OpenAI GPT Plugin
The OpenAI GPT plugin integrates GPT-3.5 and GPT-4 language models into Scallop, enabling LLM-powered text processing, classification, information extraction, and generation within logical programs.
Overview
The GPT plugin provides four foreign constructs for different use cases:
$gpt(prompt)- Foreign function for simple text generationgpt(input, output)- Foreign predicate for flexible fact generation@gpt- Foreign attribute for few-shot classification/extraction@gpt_extract_info- Foreign attribute for structured information extraction
Use Cases
- Text classification: Sentiment analysis, intent detection, category labeling
- Information extraction: Named entity recognition, relation extraction
- Text generation: Question answering, translation, summarization
- Few-shot learning: Provide examples, get consistent results
- Probabilistic reasoning: Combine LLM outputs with logical rules
Model Support
| Model | Description | Use Case |
|---|---|---|
gpt-3.5-turbo | Fast, cost-effective | General classification, extraction |
gpt-4 | Most capable | Complex reasoning, nuanced understanding |
gpt-4-turbo | Latest GPT-4 | Balanced cost and capability |
Setup and Configuration
Installation
# Install GPT plugin
cd /path/to/scallop
make -C etc/scallopy-plugins develop-gpt
# Or install with pip
cd etc/scallopy-plugins/gpt
pip install -e .
API Key Configuration
The plugin requires an OpenAI API key:
Set environment variable:
export OPENAI_API_KEY="sk-..."
Get an API key:
- Visit https://platform.openai.com/api-keys
- Sign up or log in
- Create a new secret key
- Copy and save it securely
Verify configuration:
echo $OPENAI_API_KEY
# Should print: sk-...
Command-Line Options
Configure the plugin when running Scallop programs:
scli program.scl \
--openai-gpt-model gpt-4 \
--openai-gpt-temperature 0.0 \
--num-allowed-openai-request 50
Options:
| Option | Type | Default | Description |
|---|---|---|---|
--openai-gpt-model | string | gpt-3.5-turbo | GPT model to use |
--openai-gpt-temperature | float | 0.0 | Sampling temperature (0.0 = deterministic) |
--num-allowed-openai-request | int | 100 | Maximum API calls per run |
Python API Configuration
import scallopy
# Create context
ctx = scallopy.ScallopContext()
# Load plugin registry
plugin_registry = scallopy.PluginRegistry()

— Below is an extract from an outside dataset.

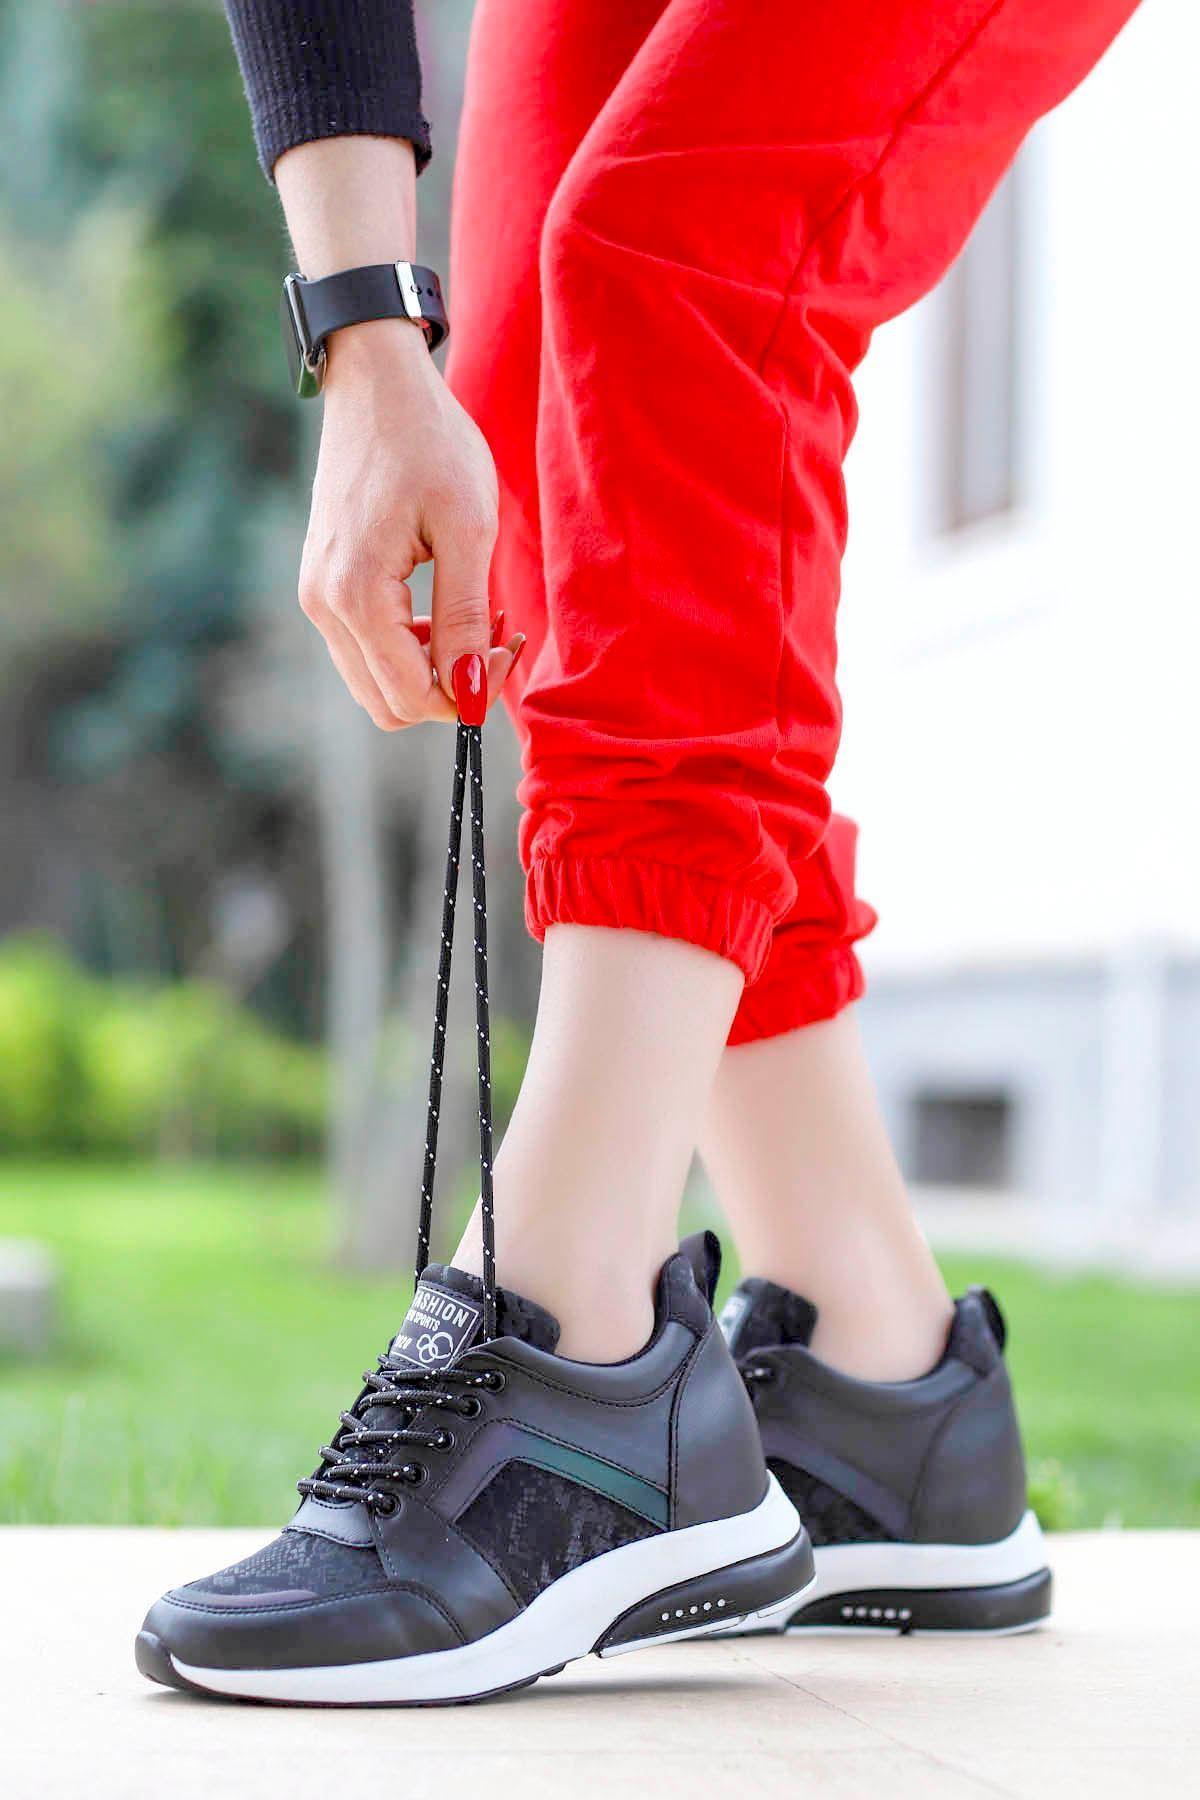 Frm-1621 Gizli Topuk Spor Ayakkabı Siyah
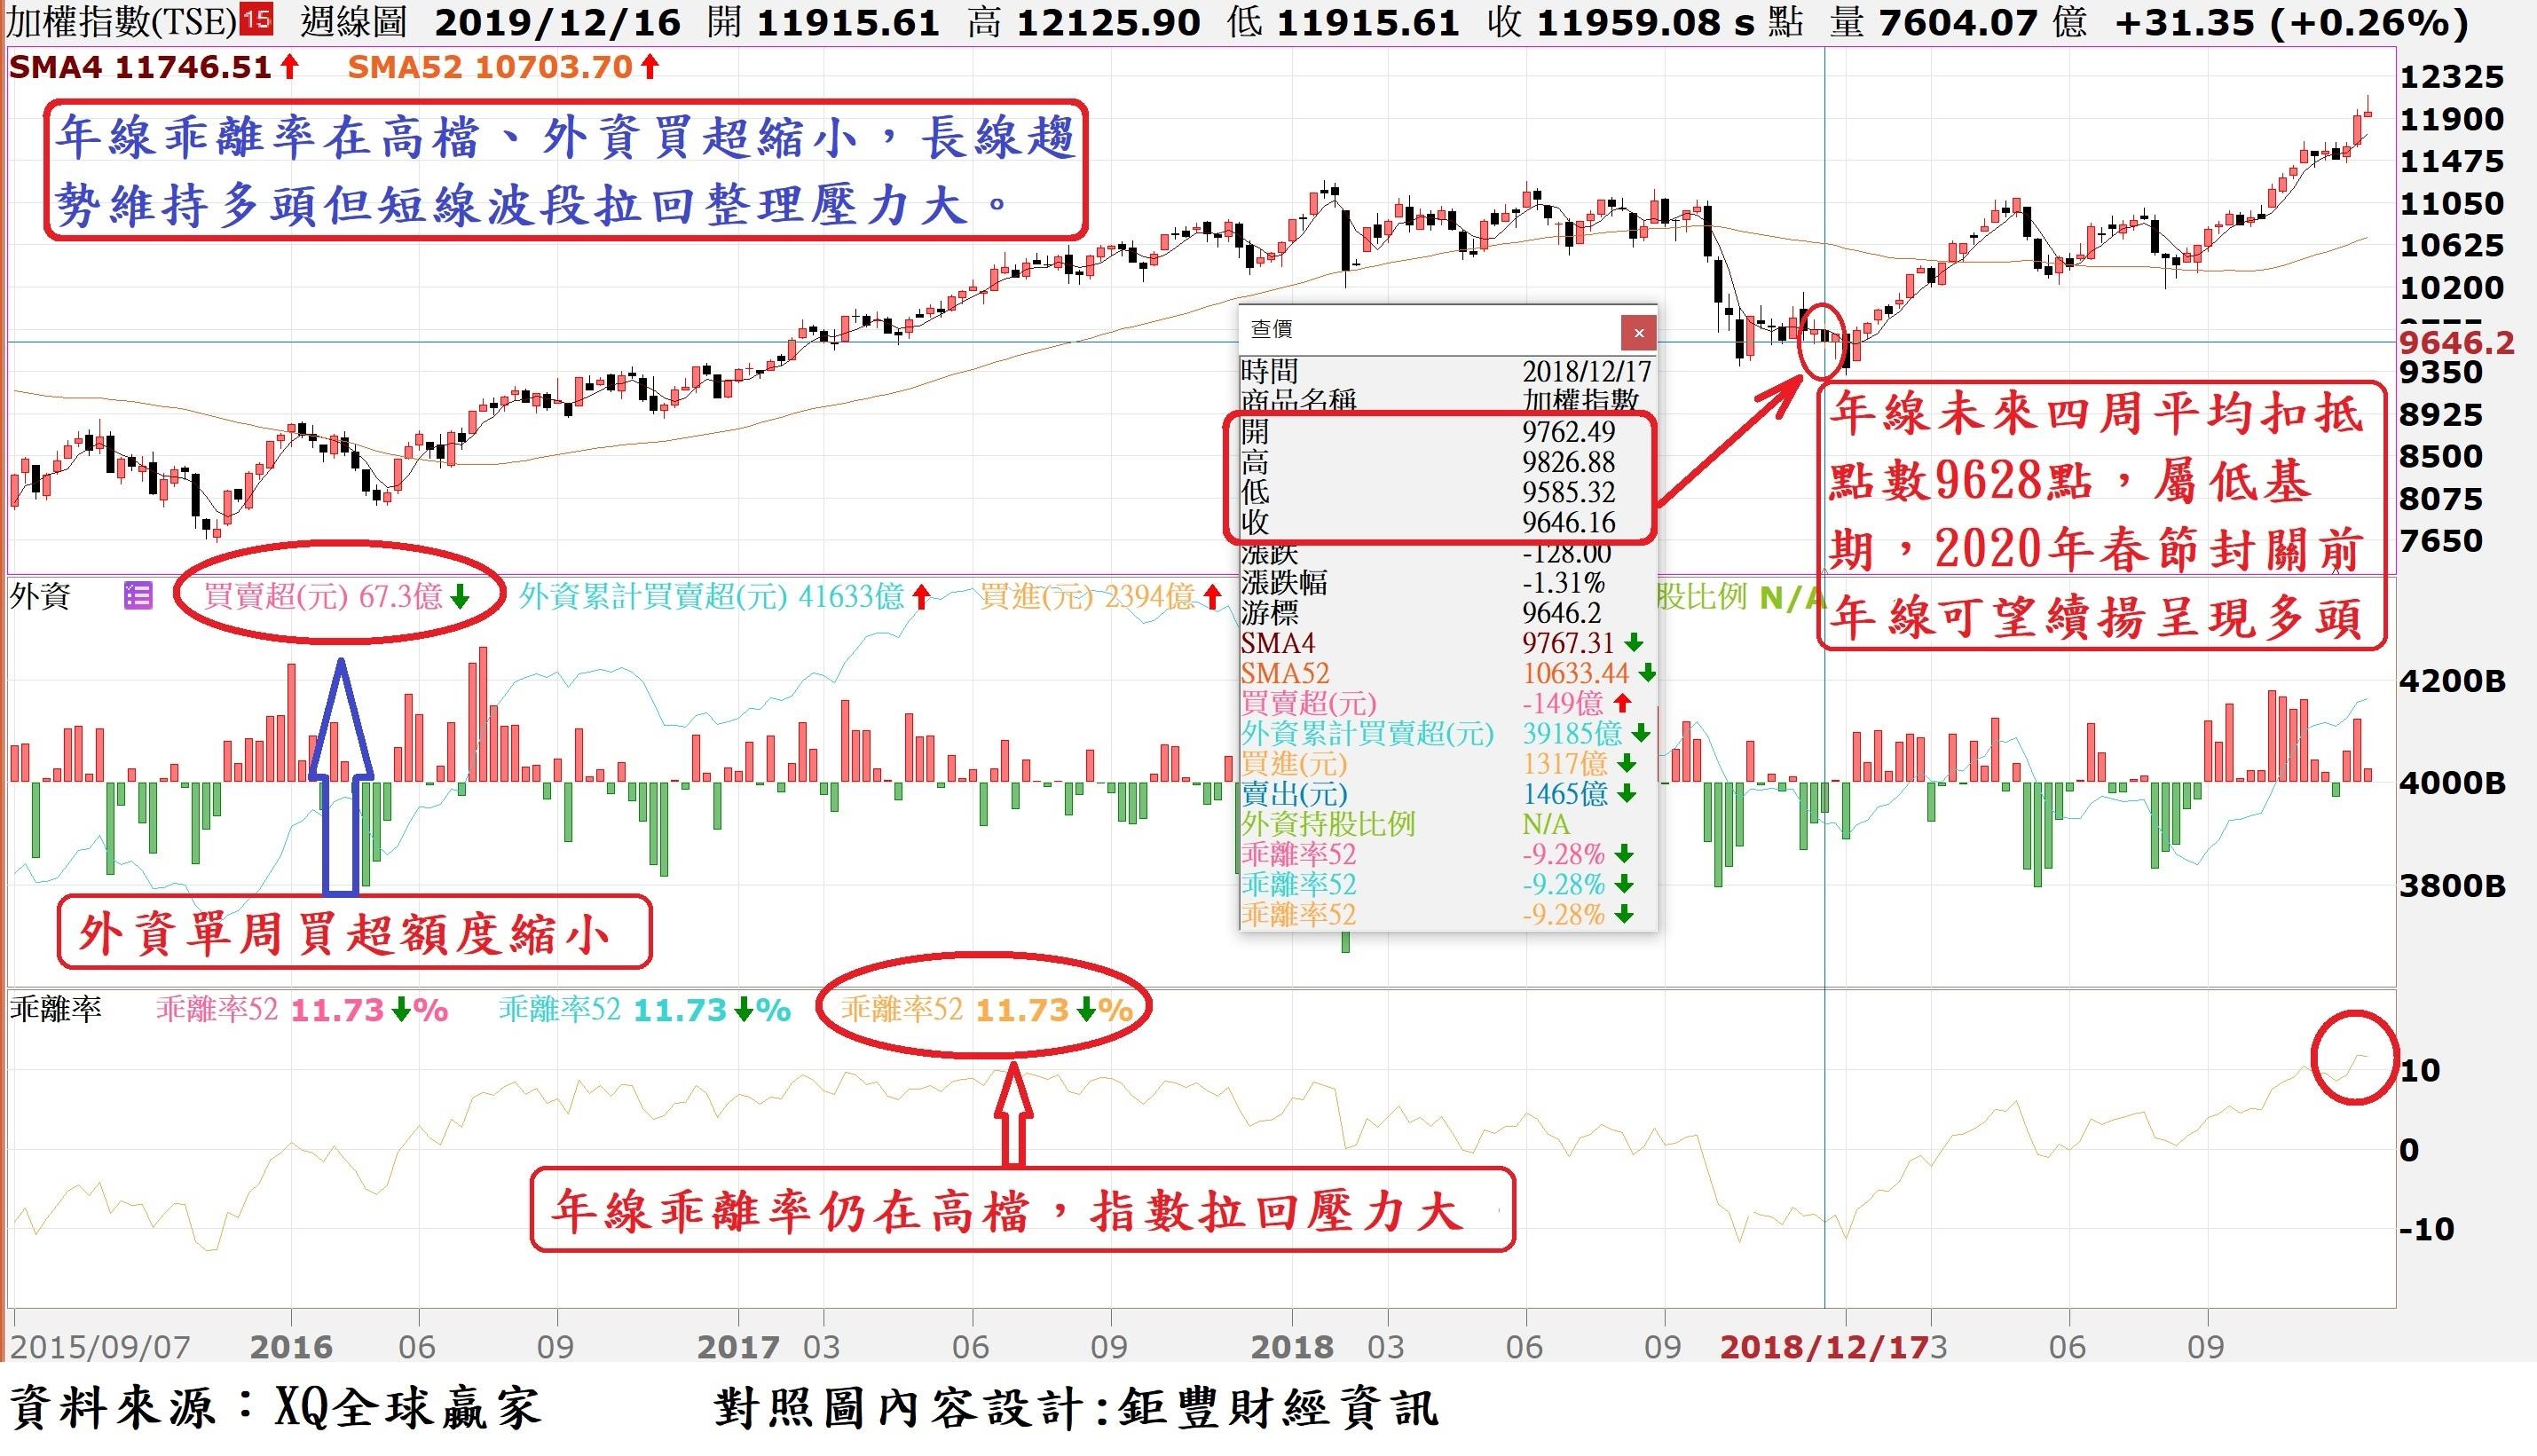 台股周K線與年線(52周均線)乖離率走勢對照圖

plugin_registry.load_plugins_from_entry_points()
# Configure GPT plugin
plugin_registry.configure({
"openai_gpt_model": "gpt-4",
"openai_gpt_temperature": 0.0,
"num_allowed_openai_request": 50
}, [])
# Load into context
plugin_registry.load_into_ctx(ctx)
# Now use GPT constructs in your program
Rate Limiting
The plugin automatically limits API calls to prevent runaway costs:
- Default: 100 requests per run
- Customize with
--num-allowed-openai-request - Exceeding limit raises exception
- Memoization reduces redundant calls
Foreign Function: $gpt
The $gpt foreign function provides simple text-to-text generation:
Signature
$gpt(prompt: String) -> String
Usage
Direct invocation:
rel questions = {
"What is the capital of France?",
"Translate to Spanish: Good morning",
"What is 15 * 24?"
}
rel answers(q) = questions(q), a = $gpt(q)
query answers
Expected output (mock when API key not set):
answers: {
("Paris"),
("Buenos días"),
("360")
}
In expressions:
rel prompts = {"Explain quantum computing in one sentence"}
rel response = {$gpt(p) | prompts(p)}
query response
Memoization
The function automatically memoizes results:
rel repeated = {
"What is 2+2?",
"What is 2+2?", // Same prompt
"What is 2+2?" // Same prompt
}
rel answers = {$gpt(q) | repeated(q)}
// Only makes 1 API call!
Error Handling
If API key is not set or rate limit exceeded:
[scallop_openai] `OPENAI_API_KEY` not found, consider setting it in the environment variable
Foreign Predicate: gpt(…)
The gpt foreign predicate provides flexible fact generation with multiple calling patterns:
Signature
gpt(input: String, output: String)
Calling Patterns
Bound-Free (bf) - Generation:
rel questions = {"What is the capital of Spain?", "What is 10 + 5?"}
rel qa(q, a) = questions(q), gpt(q, a)
query qa
// Result: {
// ("What is the capital of Spain?", "Madrid"),
// ("What is 10 + 5?", "15")
// }
Bound-Bound (bb) - Verification:
rel candidate_answers = {
("What is 2+2?", "4"),
("What is 2+2?", "5"),
("What is 2+2?", "22")
}
rel verified(q, a) = candidate_answers(q, a), gpt(q, a)
query verified
// Result: {("What is 2+2?", "4")}
// Only the correct answer passes verification
Multiple Outputs
GPT can return multiple completions (requires API configuration):
// With n=3 in API call
rel question = {"What are some programming languages?"}
rel languages(q, lang) = question(q), gpt(q, lang)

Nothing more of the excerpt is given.